Task – When the line containing "Large Cufflinks Box" appears in the entries below, begin printing there and stop after the line containing "Whatsapp Plus Apk"; print each of those lines exactly and no other line.

Dataset records –
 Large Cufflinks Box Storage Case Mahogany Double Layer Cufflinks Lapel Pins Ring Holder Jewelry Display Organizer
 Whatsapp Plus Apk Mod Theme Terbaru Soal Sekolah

--

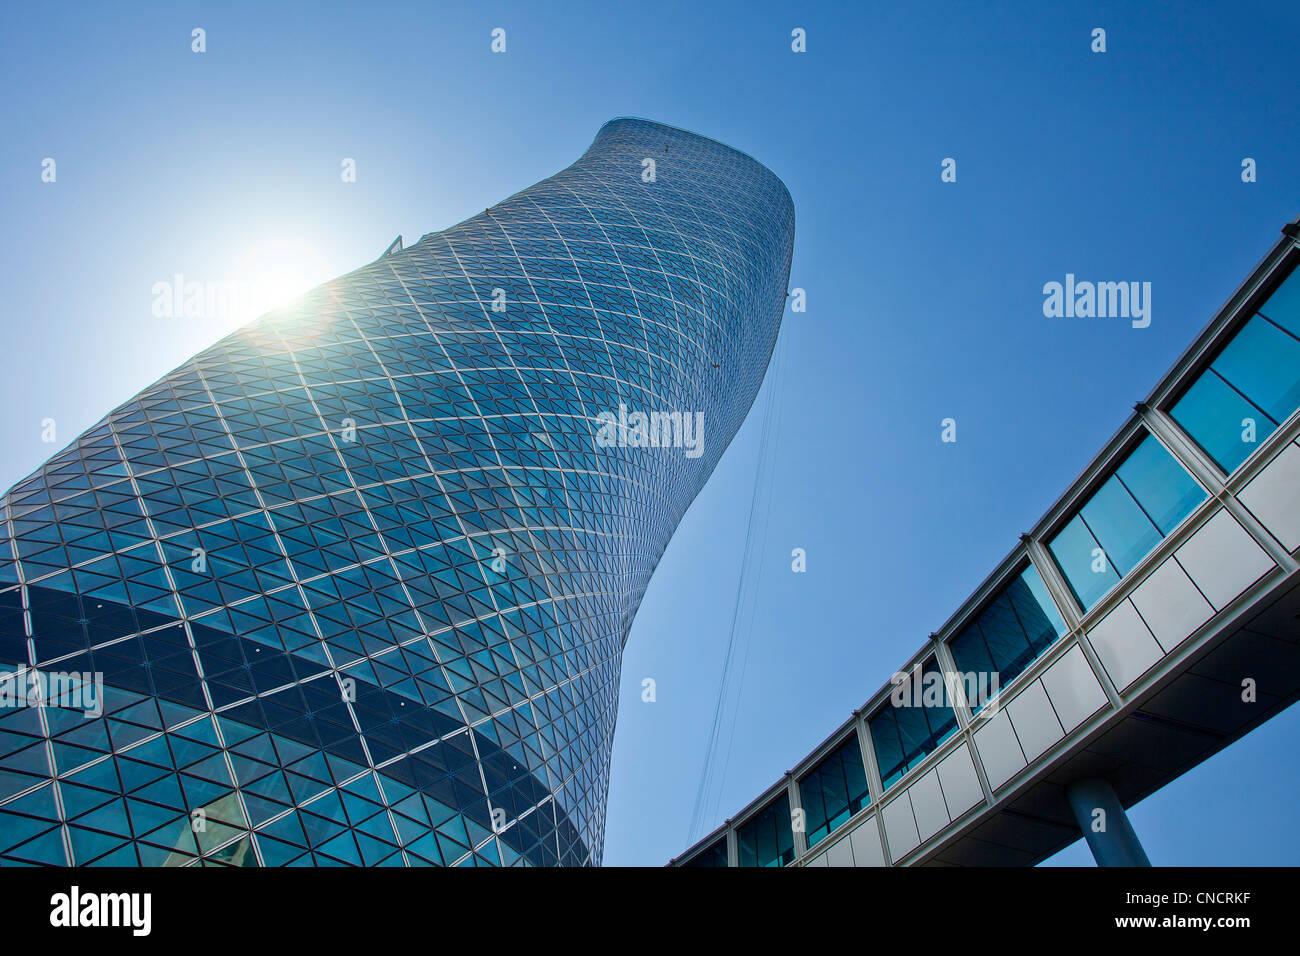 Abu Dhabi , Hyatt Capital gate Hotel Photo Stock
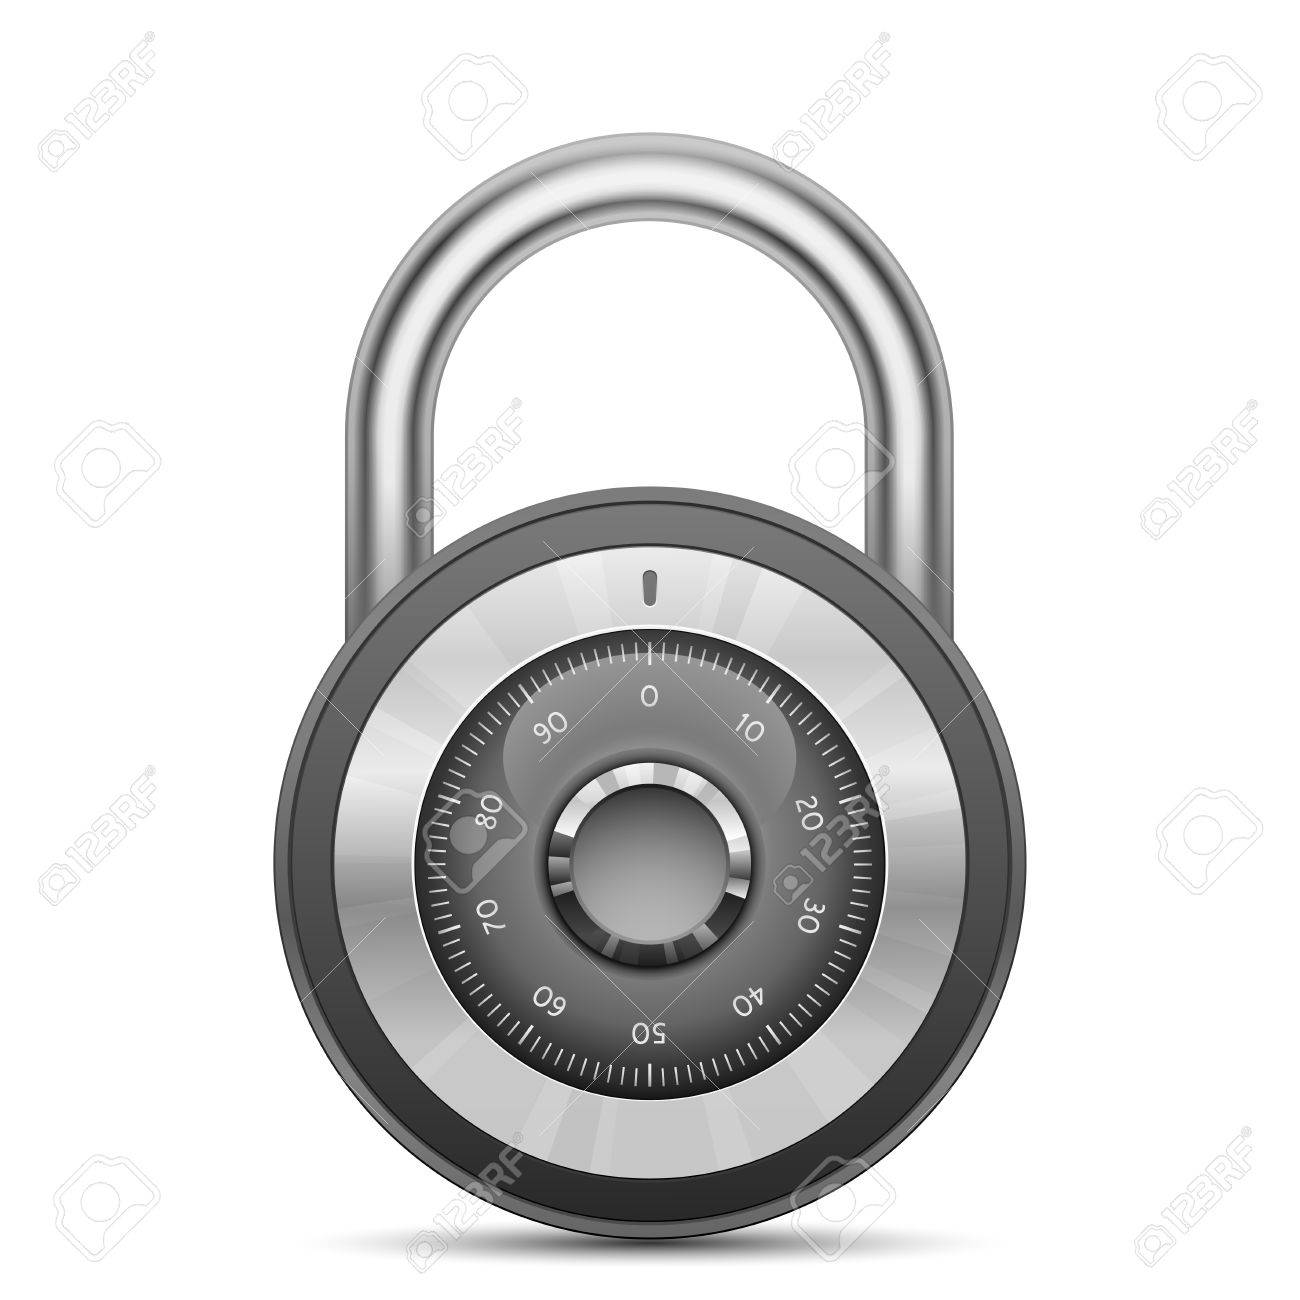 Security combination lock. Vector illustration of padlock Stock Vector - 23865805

Answer for this exercise –
 Large Cufflinks Box Storage Case Mahogany Double Layer Cufflinks Lapel Pins Ring Holder Jewelry Display Organizer
 Whatsapp Plus Apk Mod Theme Terbaru Soal Sekolah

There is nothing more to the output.